Disentangling temporal and spatial calving dynamics using a multisensor approach

Mass loss from the Greenland Ice Sheet is a major contributor to sea level rise, driven primarily by increased surface melting and dynamic mass loss. Tidewater glaciers, which extend from the ice sheet to terminate in fjords, drive dynamic mass loss through frontal ablation at their termini by calving and oceanic melt. Calving rates and style vary substantially over time and between individual glaciers, making general parameterizations difficult. Capturing spatially and temporally high-resolution observations of calving is particularly challenging due to the harsh and remote environment. This limits our understanding of this critical process and reduces our ability to accurately predict the future evolution of the Greenland Ice Sheet.

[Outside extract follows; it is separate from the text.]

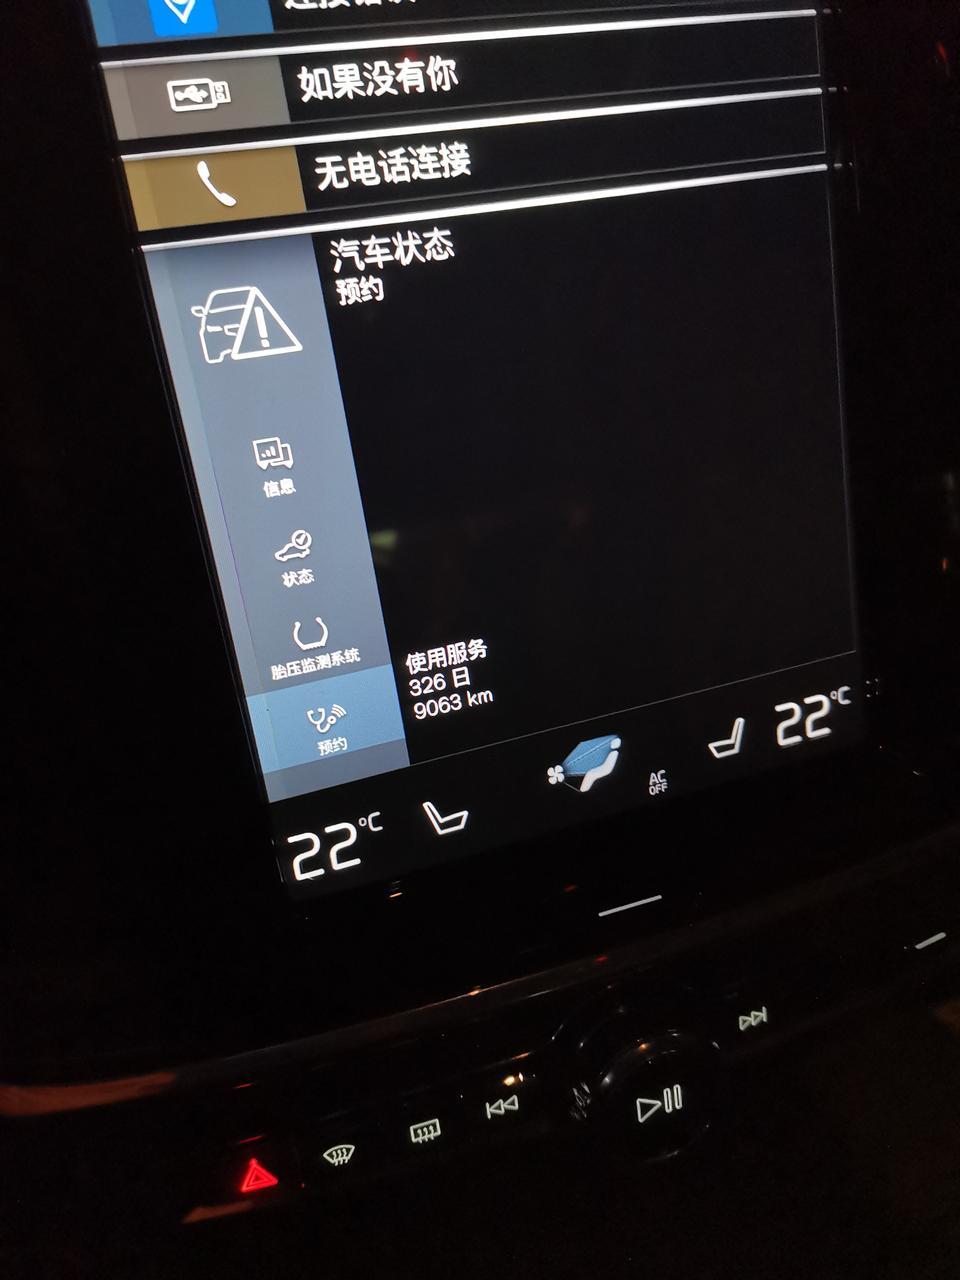 沃尔沃s90我刚提的新车不到一个月。预约这个怎么会显示使用服务326天？汽车铭牌上生产日期可是说九月份生产的新车？

Here, we present a unique in-situ dataset comprising terrestrial radar interferometry (TRI) acquisitions, time-lapse imagery, seismic measurements, infrasound recordings, wave height data, fiber-optic cable measurements and manual observations. While each technique has its own temporal or spatial limitations, their integration offers a comprehensive perspective on the calving process at the tidewater glacier Eqalorutsit Kangilliit Sermiat (EKaS) in South Greenland. The simultaneous recording, co-detection and subsequent synthesis of these diverse multi-week to annual datasets overcome current observational constraints, providing crucial insights into calving dynamics. These novel observations are critical for understanding and predicting the role of calving in the mass loss of the Greenland Ice Sheet.